LECTURE

Super Jury 2021 ショートレクチャー
石川初(慶應義塾大学環境情報学部教授)
REPORT

私は東京農業大学農学部造園学科を卒業し、ゼネコンの環境設計部に27年間在籍し、ランドスケープの設計をしてきました。日本大学の近くの、お茶の水仲通りも担当していました。その一方で、GPS(全地球測位システム)を使った遊びをしていました。GPSを常に持ち歩き、20年間、自身の移動記録を取っています。たとえひとりの活動であっても、長く続けると記録は膨大な量になるので、「ひとりビックデータ」と呼んでいます。位置の記録だけでなく、移動速度や滞在時間を反映させて描くと、より自分の実体験に基づいた地図になり、自分の場所への関わりの密度が浮かび上がってきます。

GPSを持って街を動いて地上絵を描くこともしていました。2005年には「タモリ倶楽部」というテレビ番組で、世界最大のタモリさんの似顔絵を描いたこともあります。飼い猫にGPSをつけて取った記録もおもしろく、猫の行動を見るといかに人間が不自由な動きをしているかがわかりました。
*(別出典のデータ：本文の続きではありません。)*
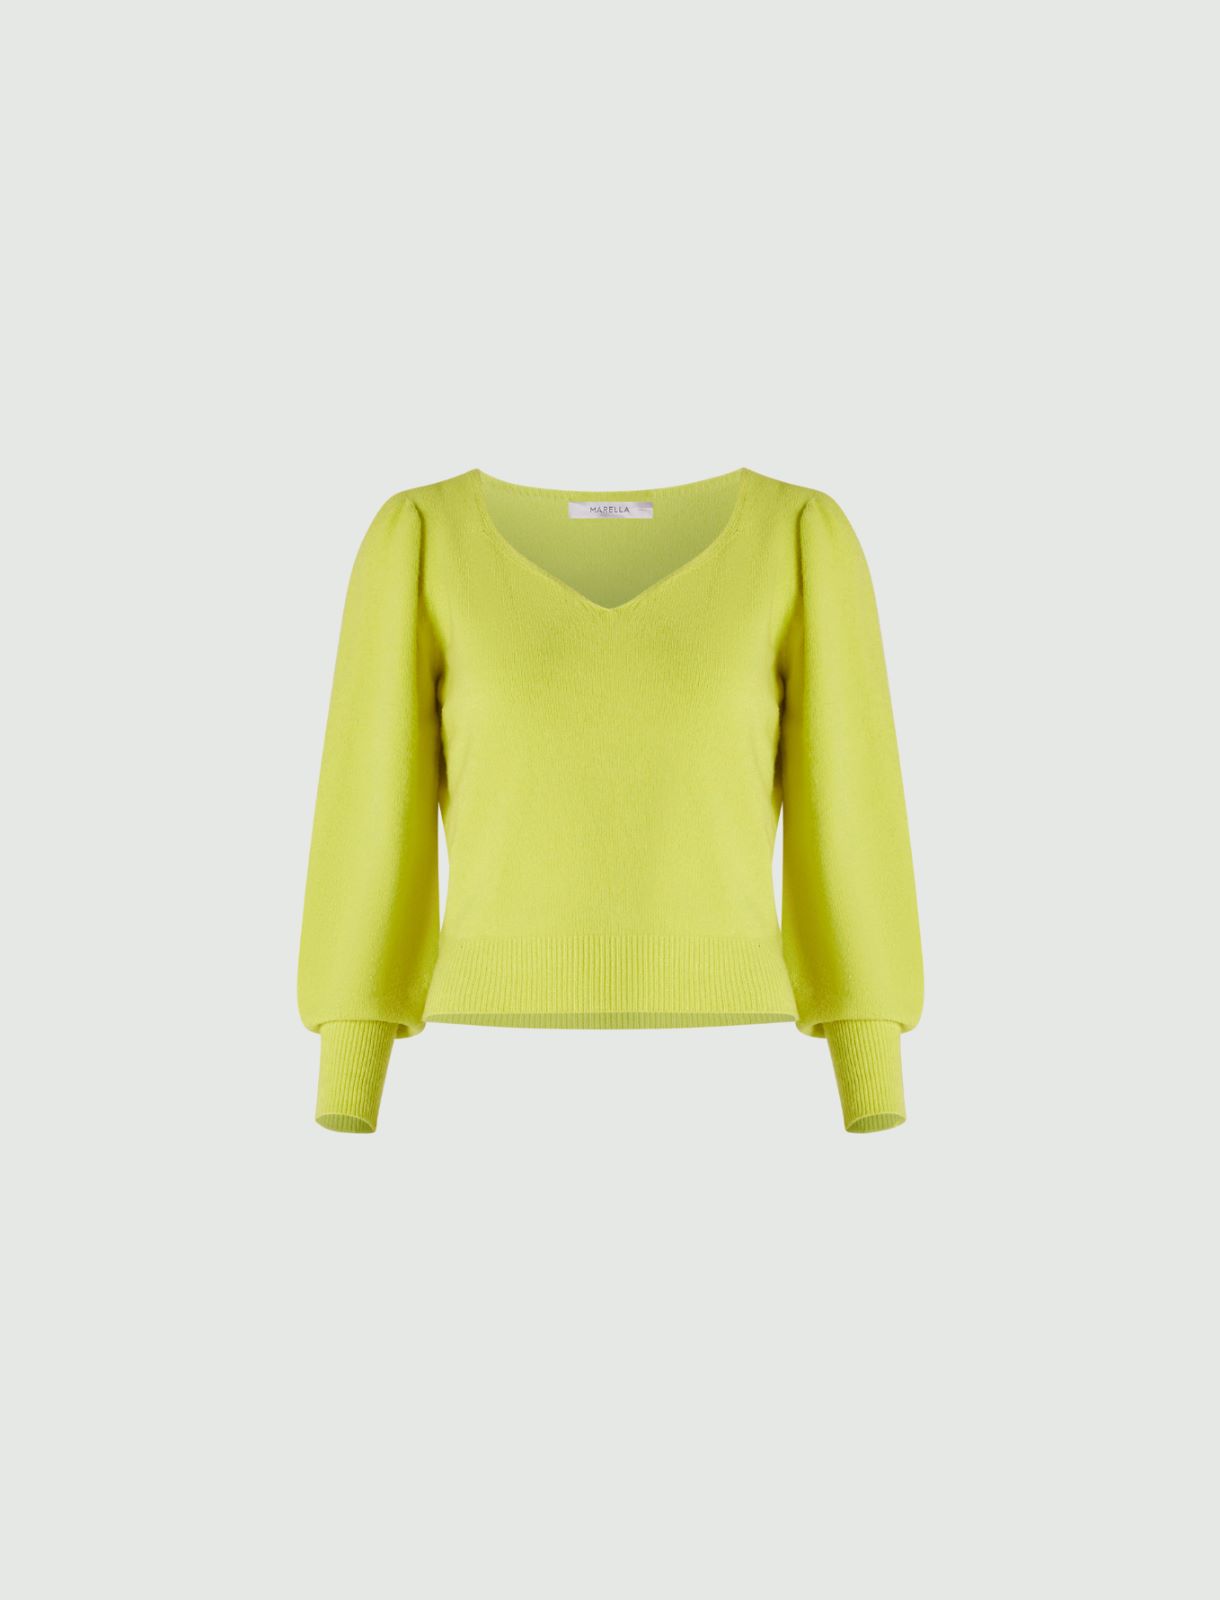 Pullover mit herzförmigem Ausschnitt - Zitrone - Marella - 5
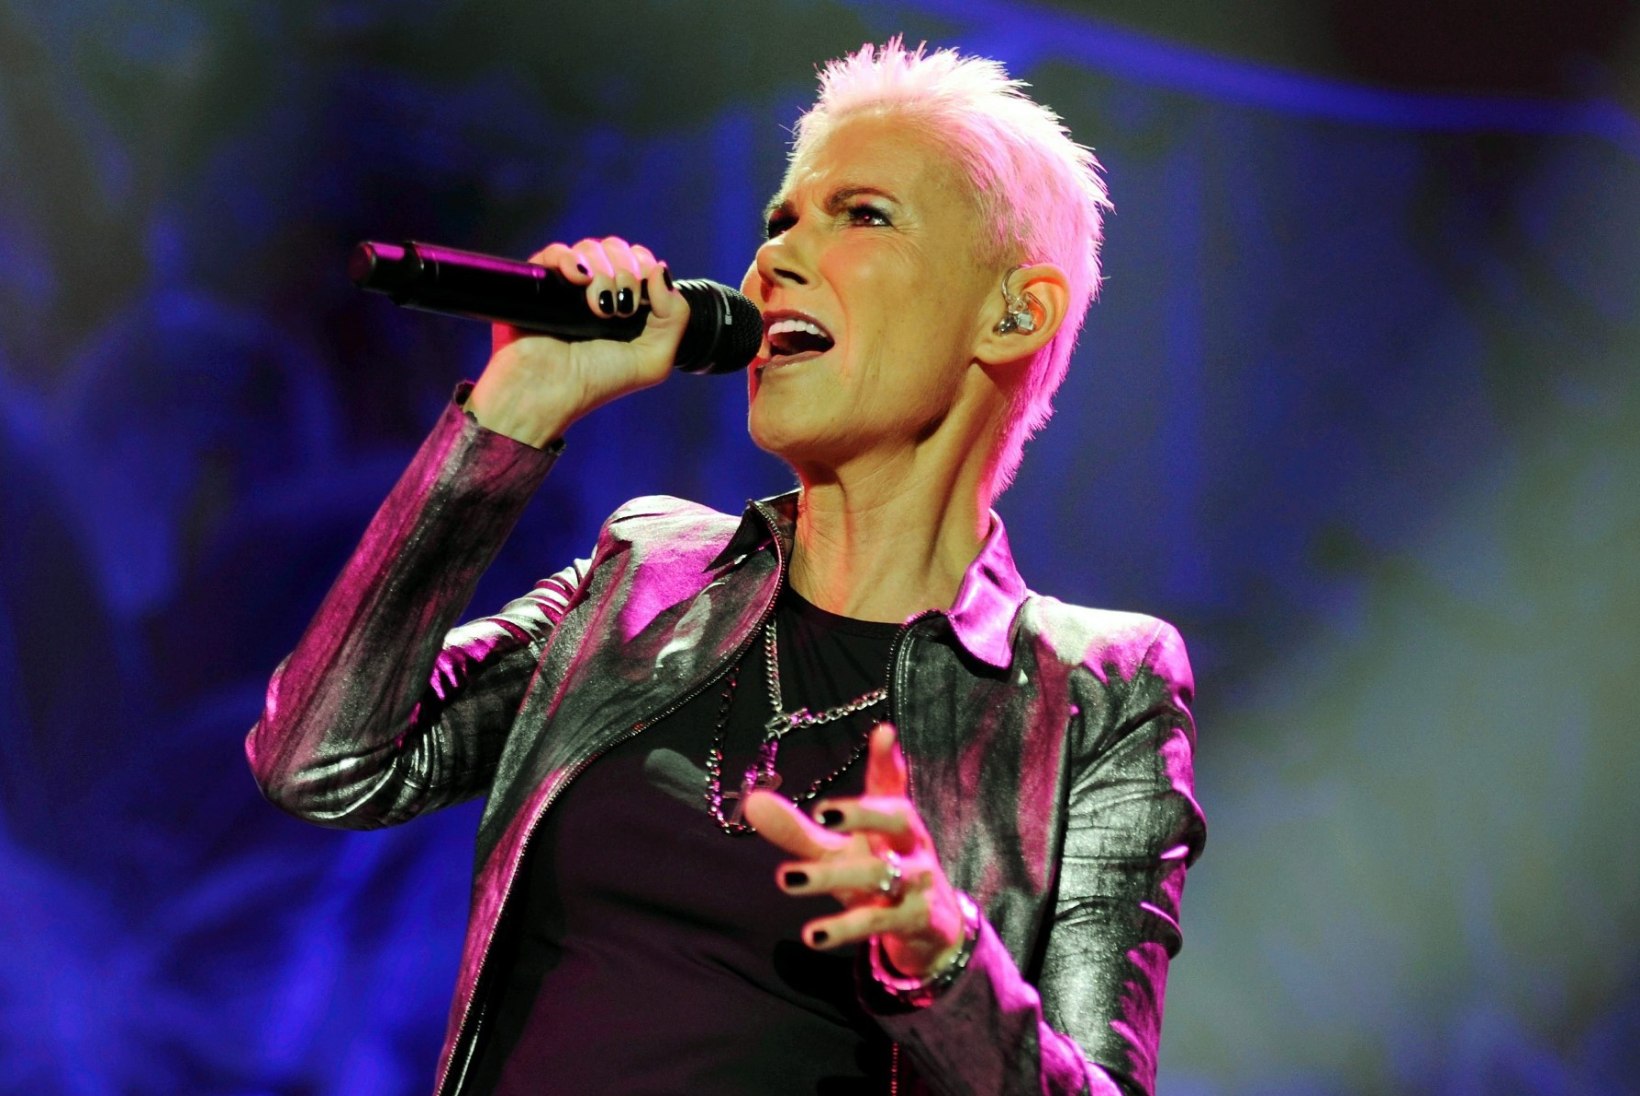 Rootsi tippartistid andsid Roxette’i lauljanna mälestuseks liigutava kontserdi

2015年に慶應義塾大学に着任しました。研究室では「ランドウォーク」と称したフィールドワークを頻繁に行っています。最近は東京の地下だけを歩いてみたり、多摩丘陵の造成が進む住宅地開発地区周辺を歩いたり、三島の水の生活景を見に行ったりなど、様々な場所を歩く試みです。その体験を持ち帰り、みんなで議論をしながらまとめることで、街の構造を分析しています。
京都府宇治市で「アーバンデザインセンター宇治」の立ち上げに協力し、市民と一緒にまちづくりにも取り組んでいます。宇治の地図をつくったり、ワークショップで子どもたちと宇治の色を集めて、それをクレヨンにするプロジェクトも計画しています。
2016年から徳島県神山町で農村風景がどのような人々の生活によって形成されてきたかを調査するプロジェクトを続けています。伝統的な石積み技術を使ってコンクリートの破片を美しく積んだ擁壁を「ハイブリッド石積み」、山間部の農村地帯の用水路に住民がかけた小さな橋を「パーソナルブリッジ」などと名付けたり、ものづくりに長けた農家のおじいさんたちを「FAB-G」と呼んでその工作を観察・記録しています。「レゴでつくろう神山の風景」という作品は、2018年のヴェネチア・ビエンナーレ国際建築展にも出展されました。

これらの研究成果は『神山暮らしの風景図鑑』というビジュアルガイドにまとめ、町の皆さんにお返ししました。
コロナ禍の2020年は調査に赴くことができませんでしたが、2021年は原点回帰で、ロイヤルメルボルン工科大学ランドスケープ学科との共同プロジェクトとして「ポスト・アグリカルチュア」というテーマで農風景のスタディを行っています。

例えば農地が農地として見えるのはなぜかという根源的な問いを立てて、風景をつくる要素や言語を抽出し、整理している最中です。神山の農家の多くは兼業農家で、商売のためではなく自家消費のための農地「まかない農地」が沢山見られます。このような、経済(産業)や政策とは異なる論理で維持されているゆるい個人の農地の重なりが、神山のような地域の農風景を存続させていくヒントになるのではないかと考えています。